But the effect of Strauss was beneficial in that it sent inquirers back to the study of the person of Christ and of His age. Never before was attention so concentrated upon the life of Jesus, as illustrated in a large number of biographical works, too large to be enumerated here. As a result of these studies, the conviction grows that while there is a local aspect of the person of Christ, so that He reflected the peculiar opinions and living interests of His age, and availed Himself of current beliefs, yet He was also infinitely above His time. What He was and did and said in Palestine nineteen hundred years ago must be supplemented by what He has been to the world in subsequent ages, or what He is and is doing in the present age.
While Christian thinkers were struggling with the problems raised by the Positive philosophy, the natural sciences were commanding in an increasing degree the world’s attention, until Darwin made his great discovery of a law of evolution, when it seemed as though natural science had become the arbiter and final tribunal before whose judgments the world must bow. Then there followed the sharp, even bitter conflict between science and theology, when scientific men whose lives had been spent in devotion to the study of natural phenomena were tempted to write expositions of religious history in order to show the fallaciousness of the religious attitude, and theologians, accustomed only to the postulates of the spiritual sphere, ventured into the domain of science to put a spiritual interpretation on its conclusions and discoveries. It was a confusing and painful moment when a subtle scepticism pervaded the Churches and haunted even the minds of Christian believers. Now that the smoke of the battle has cleared away, while many tragedies are disclosed, it does not appear that the Churches have been weakened by the strife or have yielded any essential truth or conviction. The belief in God, and in his creation and government of the world, the incarnation of God in Christ, the miracle for which Christ stands, and pre-eminently the miracle of His resurrection—in a word, the supernatural interpretation of life, remains unshaken. It is unjust to charge, as has sometimes been done, dishonesty and a spirit of evasion against those who, while the fierce battle was in progress, kept silence, unable to defend by cogent argument what yet they cherished still as true.
In the latter part of the century there came efforts at the reconstruction of theology in order to a better adjustment of the increase of knowledge regarding the nature of God and His relation to the world. The doctrine of God as immanent in the world, and not only transcendent or above and apart from it, has proved valuable in reconciling many of the discoveries of history and of natural science with the Christian faith. Efforts have also been made to simplify theology by the reduction of the large and complex, even conflicting, mass of Christian tenets and beliefs, given in history or represented in various Christian sects, to a few simple principles in which all must agree, resting for their confirmation not on metaphysics, but on the genuine Christian instincts as revealed in the New Testament. There has been attained also a better philosophical method for meeting the difficulties and perplexities of the age.

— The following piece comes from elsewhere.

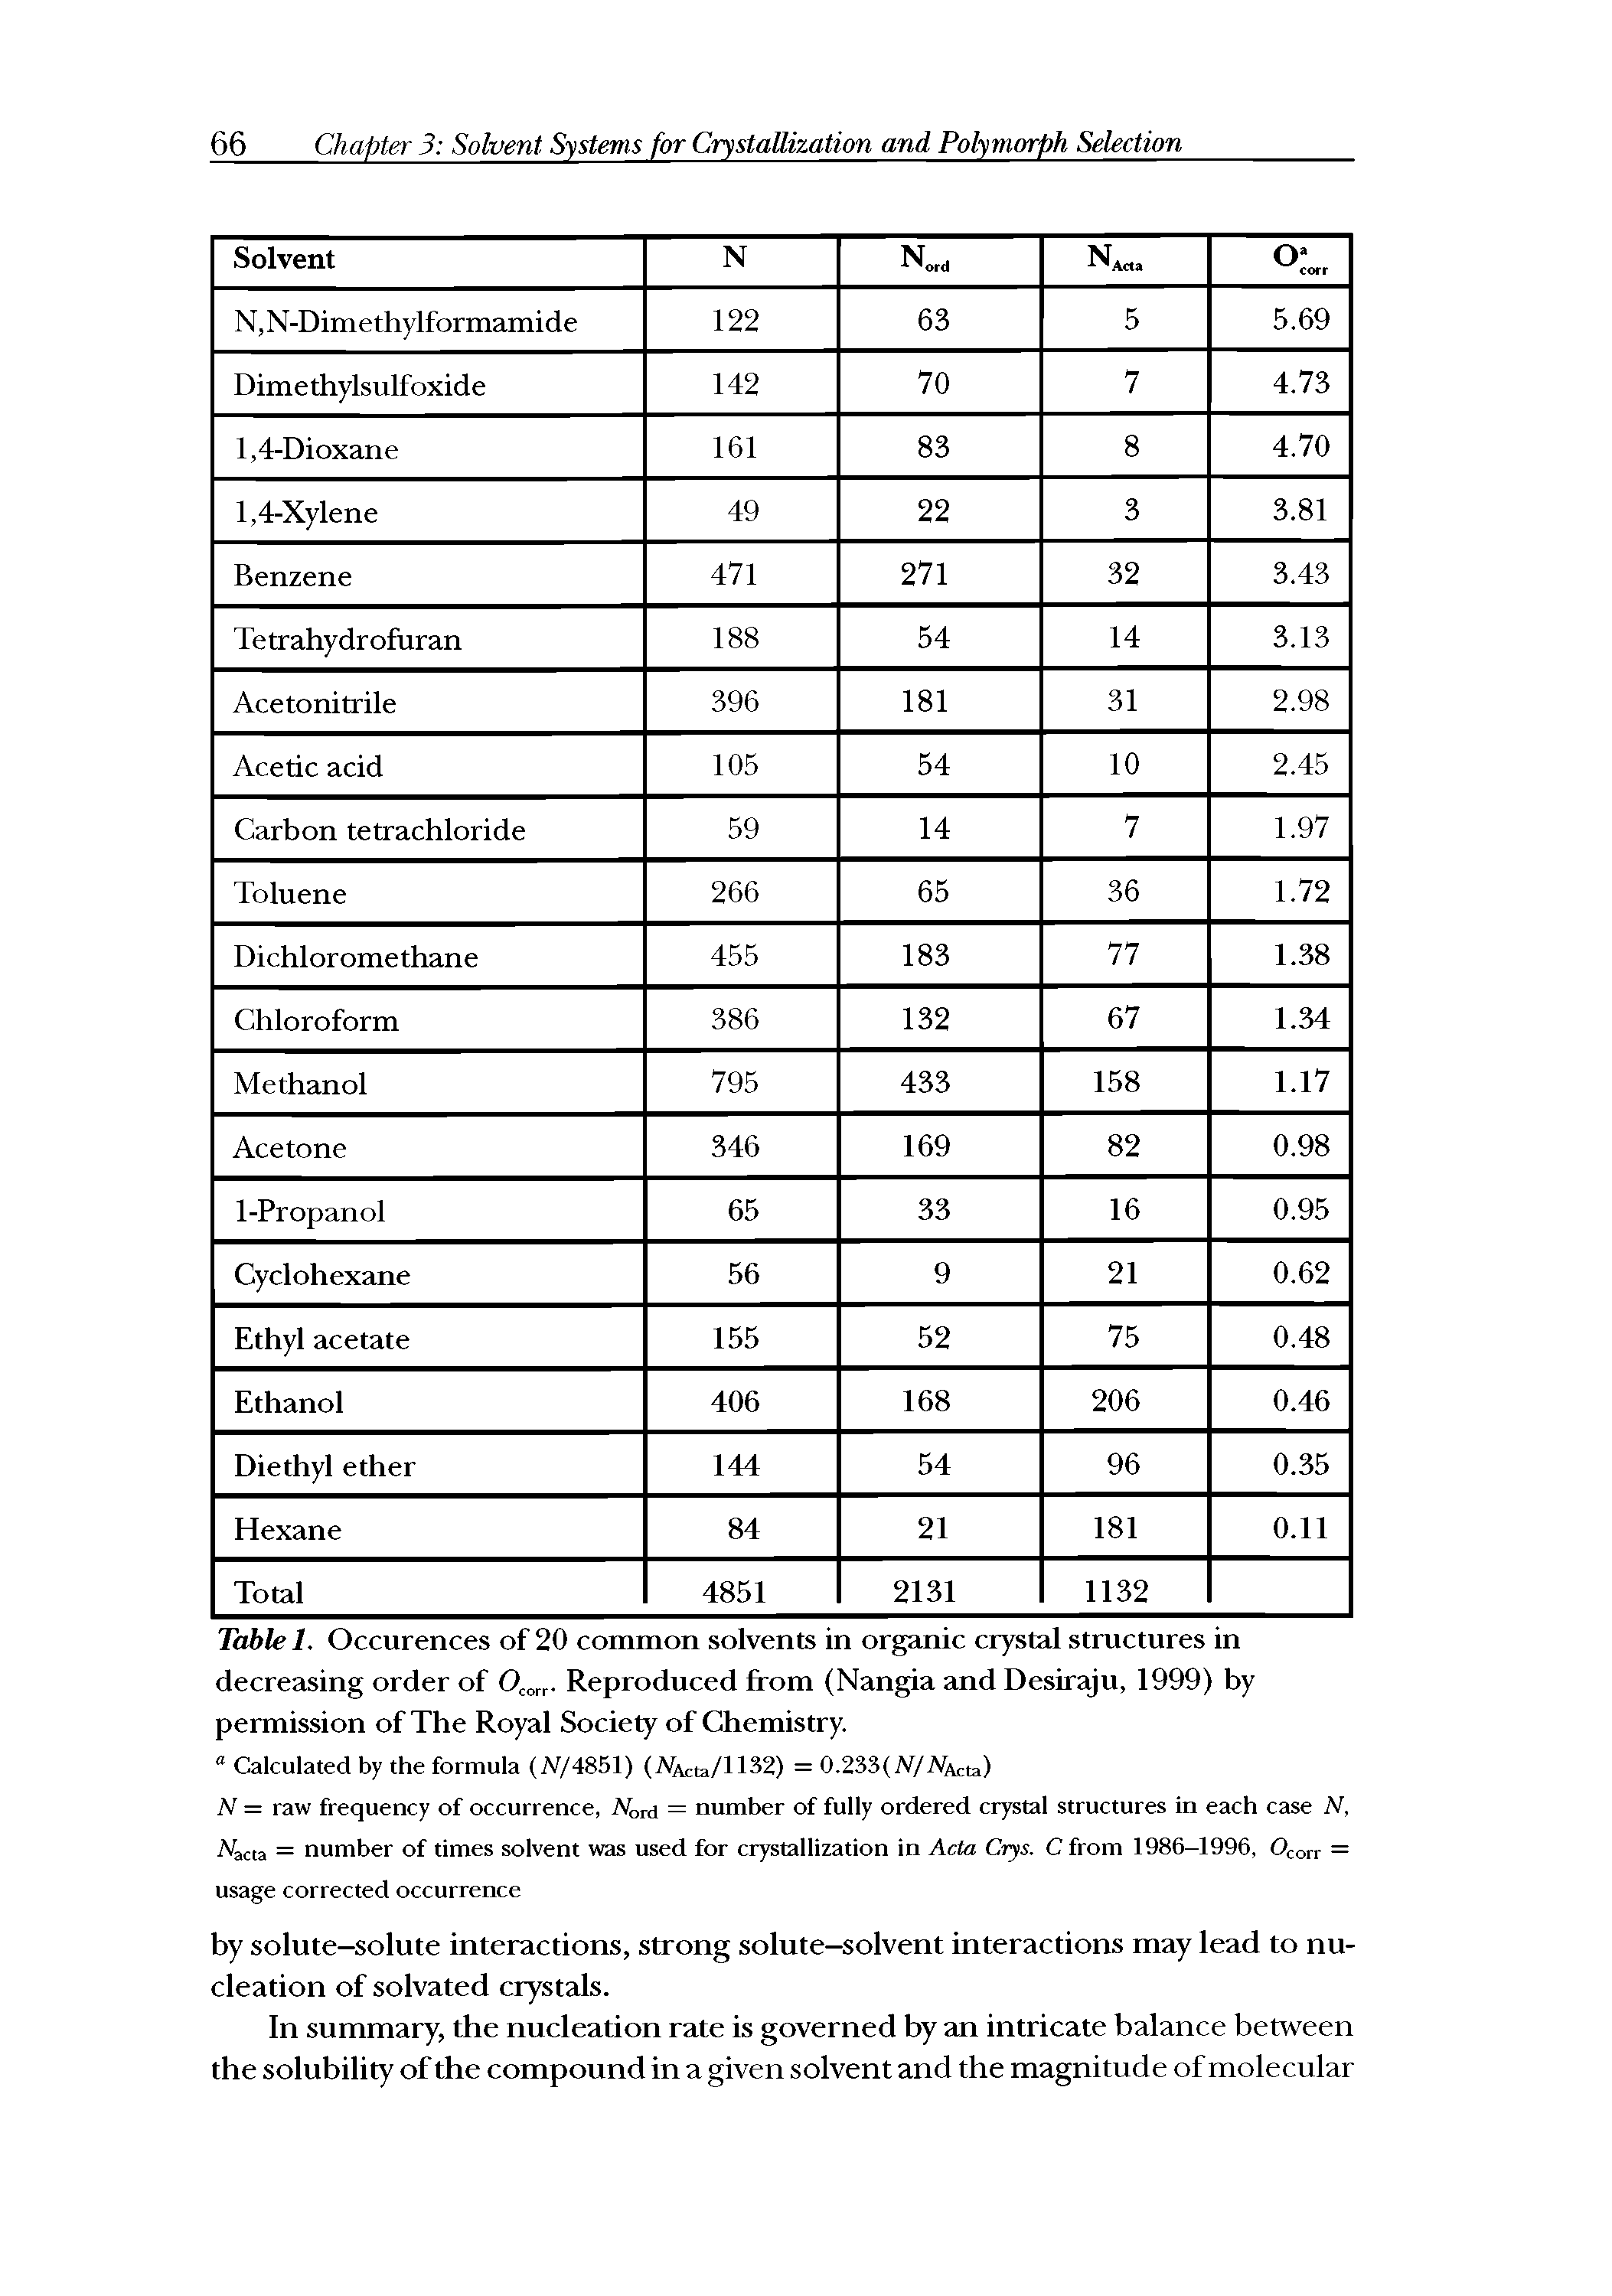 Table 1. Occurences of 20 common solvents in organic crystal structures in decreasing order of Reproduced from (Nangia and Desiraju, 1999) by permission of The Royal Society of Chemistry.
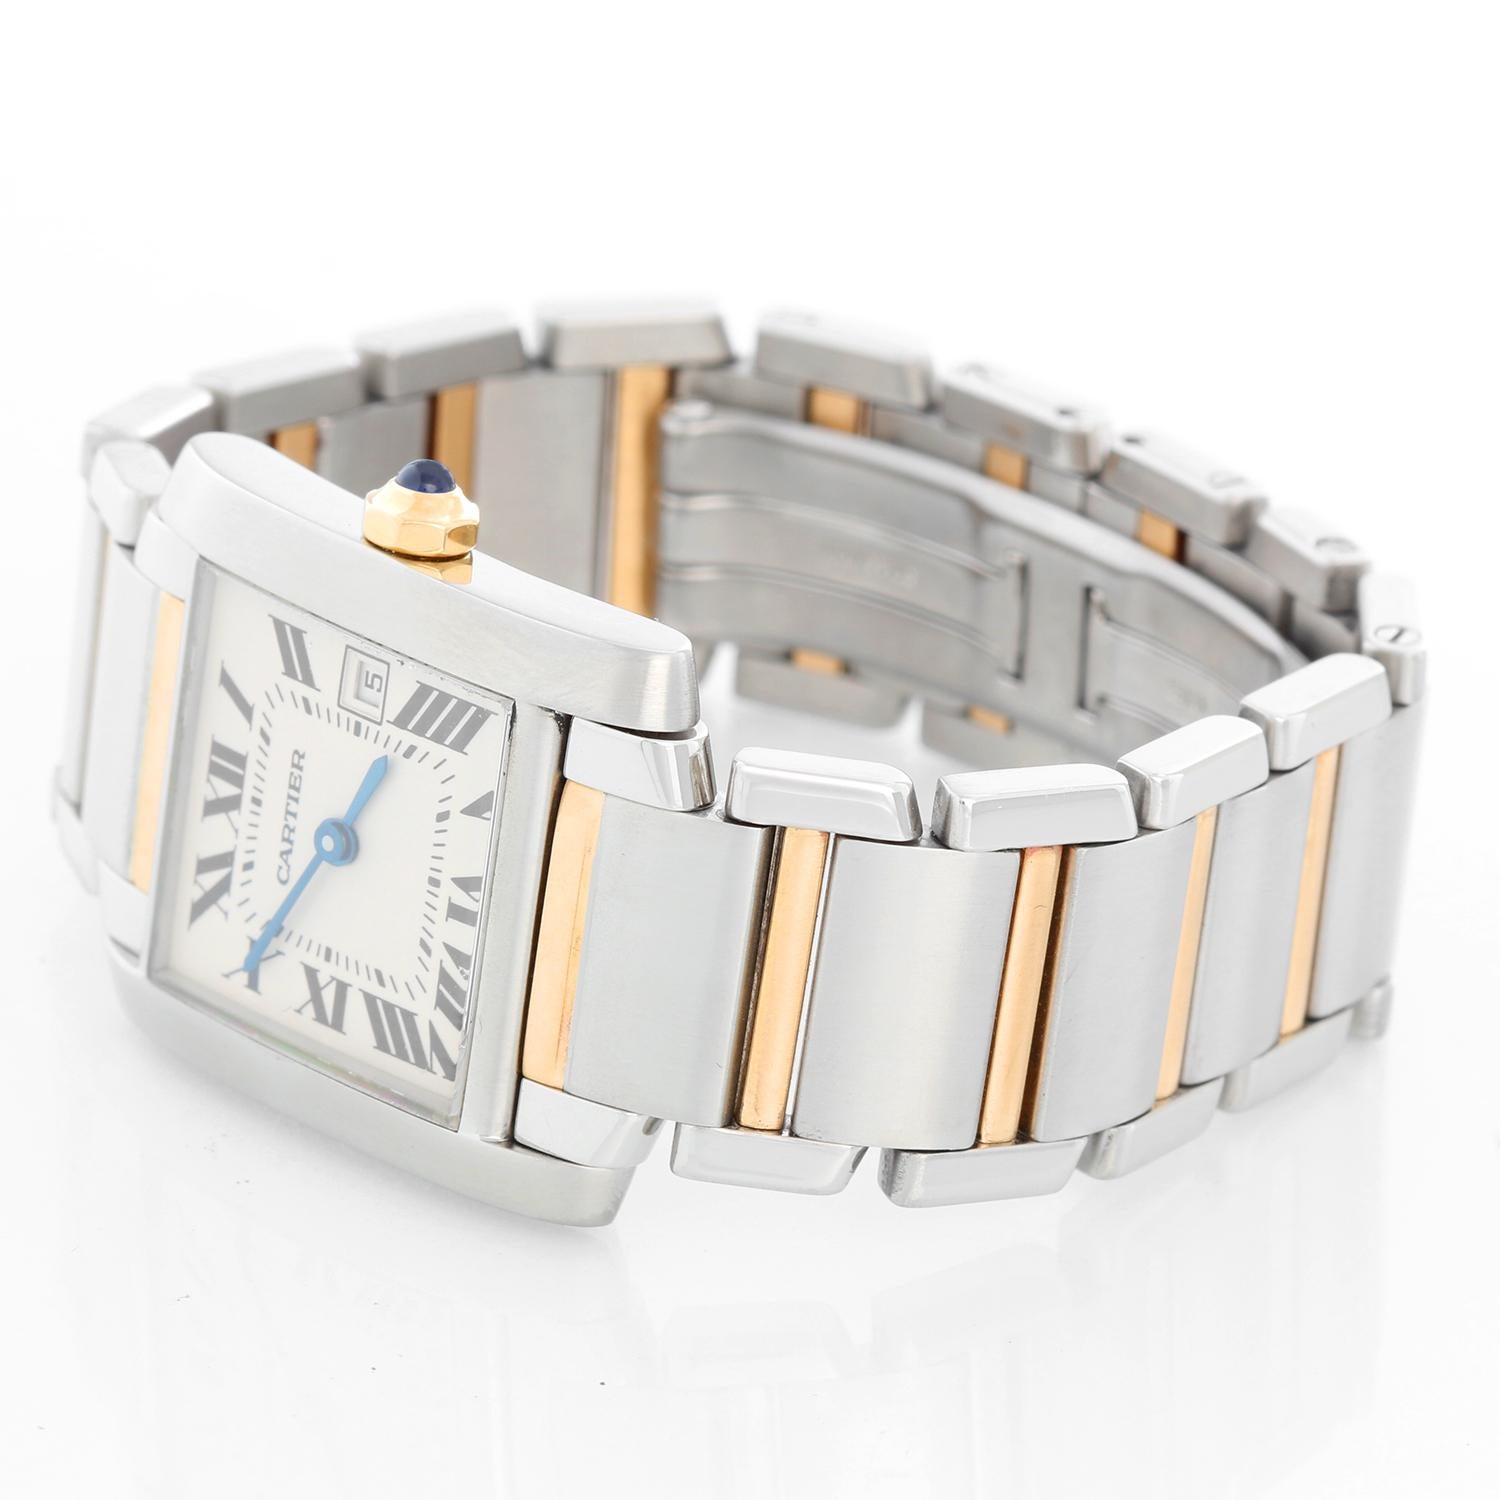 Cartier Tank Francaise Midsize 2-Tone Watch W51005Q4 2465 - Quartz. Stainless steel case (25 x 30 mm). Silver guilloche dial with black Roman numerals; date at 3 o'clock. Stainless steel and 18k yellow gold Cartier bracelet with deployant buckle.

But these attempts at the better interpretation of revealed religion, and the formation of more consistent theological systems, have found a temporary rival in efforts to create, first of all, a better system of “natural theology,” as it may be called, which shall take account of the doctrine of evolution and other discoveries of natural science since Paley’s time and the day of the Bridgewater Treatises. Those who aim at a reconciliation of religion with science treat the idea of evolution as a mediating principle by which the conflict between science and religion may be overcome. This effort is the more significant, in view of the popular interest in evolution—a word which has become almost the watchword of the age. From this point of view the invasion of religious territory by scientific men (Huxley, Tyndale, Haeckel, and others), and the counter-invasion of scientific territory by philosophers and theologians, give promise of some mutual understanding in the future.